How F1 is aiming to create its ‘game-changer’ sustainable fuel 


The next generation of power unit is set to be powered by a laboratory-created “100% sustainable” feel that F1 claims will match the current level of performance while producing fewer emissions and cutting its greenhouse gas emissions by “at least 65%”. 

A first step towards its net zero carbon goal will be made in 2022 when F1 moves to a E10 fuel, a combination of 90% fossil fuel and 10% ethanol. That will mark a drop of five percent in its usage of fossil fuels compared to the current figure of 95%. 

The sport will then focus on making the switch to an all-new renewable fuel for the next generation of engines, which are scheduled for introduction in 2026. 

F1 says the ‘drop-in fuel’ replacement can be used in a standard internal combustion engine “without any modification to the engine itself”. 

Unlike the road-car market, F1 is leaning away from electrification and towards synthetic fuels because it is not possible to match the levels of F1 car performance using electricity at this stage. 

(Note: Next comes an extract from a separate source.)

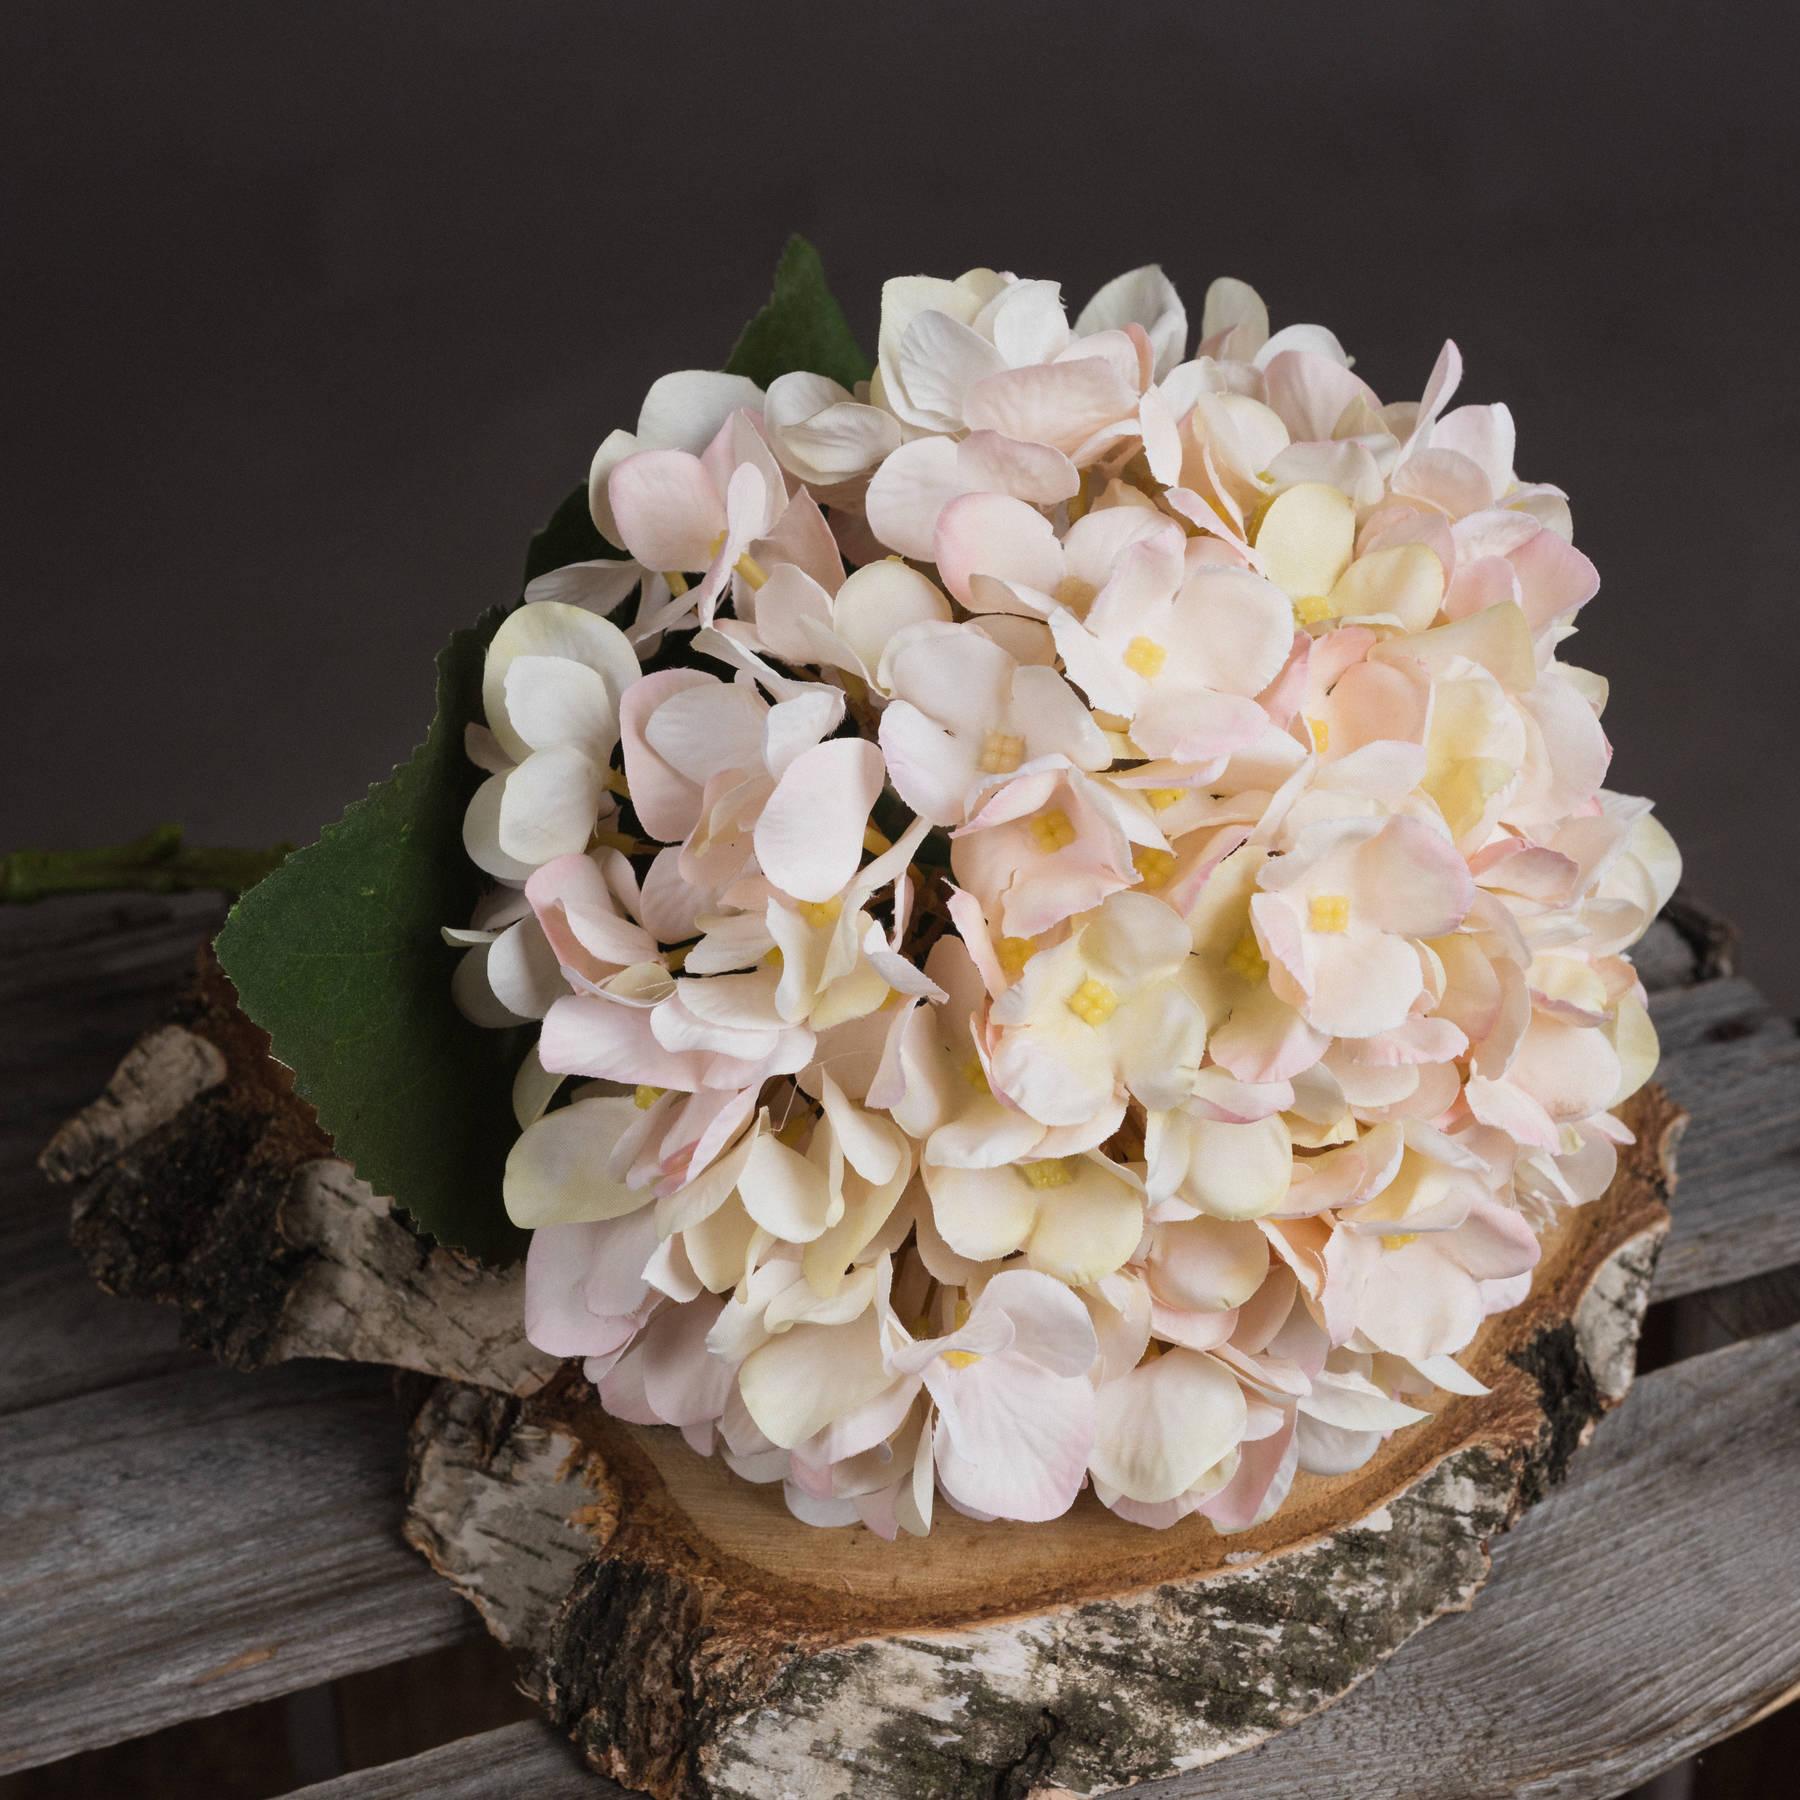 Autumn White Hydrangea - Image 3
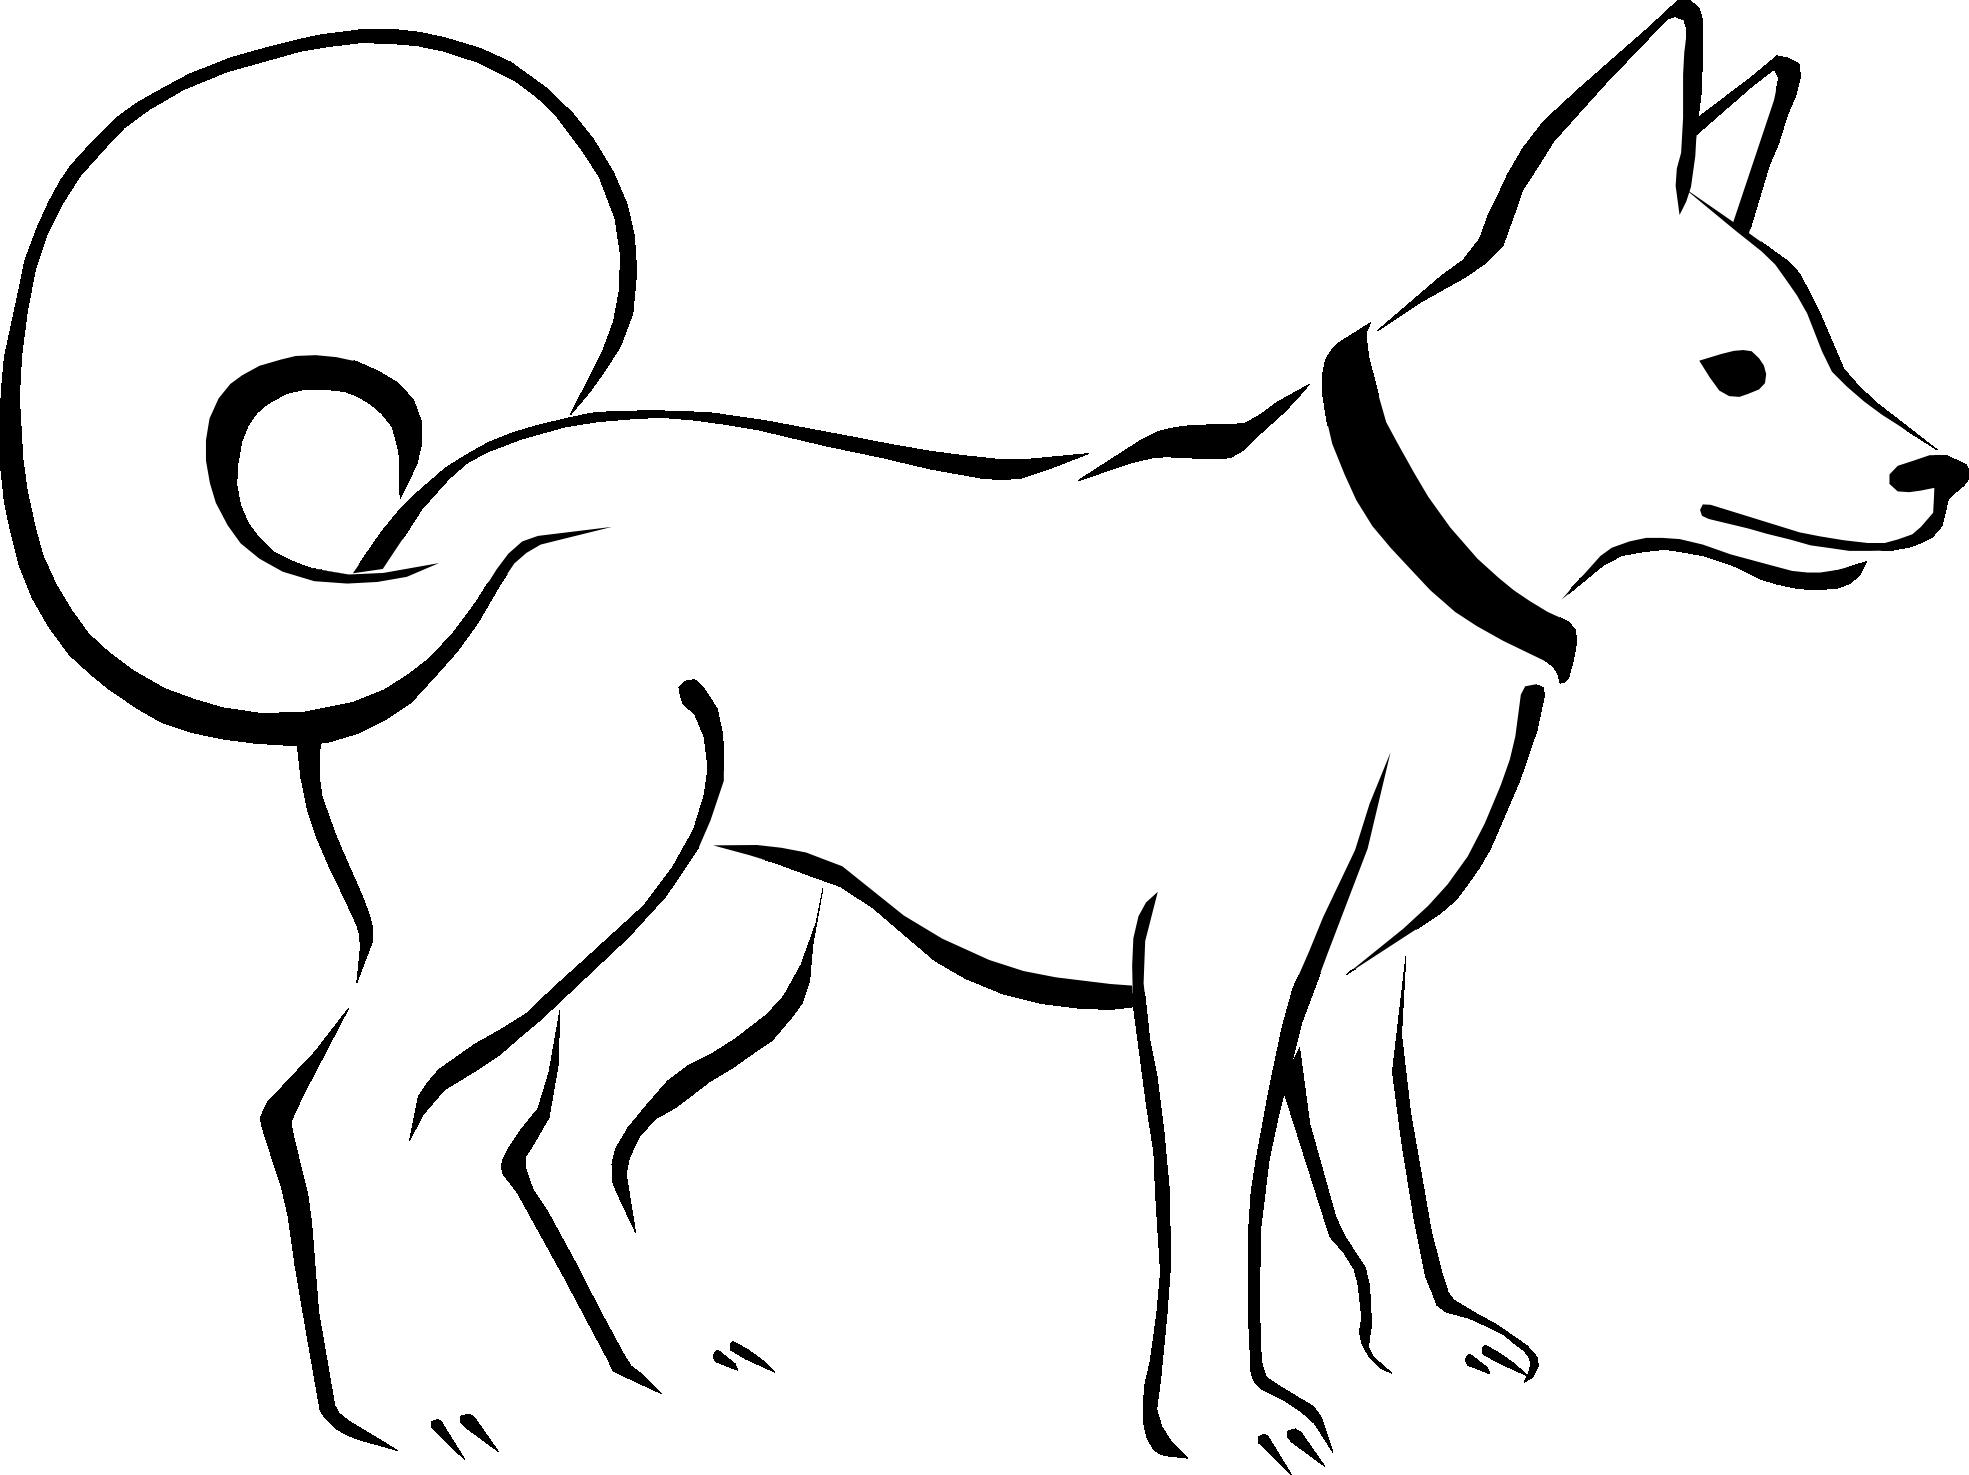 Flip Flops Clipart Black And White-flip flops clipart black and white-16

Synthetic e-fuels are manufactured using an industrial process that captures CO2 from the atmosphere and combines it with low-carbon hydrogen to make fuel. The hydrogen is obtained from sustainable electricity sources such as wind, solar and nuclear power.

F1 is close to an agreement on a new engine design that may tempt the Volkswagen Group’s brands – most likely Audi or Porsche – to join the grid in 2026.

Porsche has already broken ground on a new CO2-neutral fuel plant in Chile with the aim of producing around 130,000 litres of e-fuels in 2022. That will be expanded in two phases to around 55 million litres by 2024, and to 550 million litres by 2026. 

F1 says it is “actively engaged in discussions” with fuel companies about the exact quantities the world championship will need, as well as how it can be mass-produced for wider use in society.

Costs and scaling up production remain the biggest hurdles surrounding e-fuels. The UK alone currently consumes 46.5 billion litres of petrol and diesel each year, a figure that dwarfs Porsche’s projected targets. 

Earlier this year, F1’s managing director of motorsports Ross Brawn told the BBC that hydrogen-powered cars could be the future of F1 beyond 2030.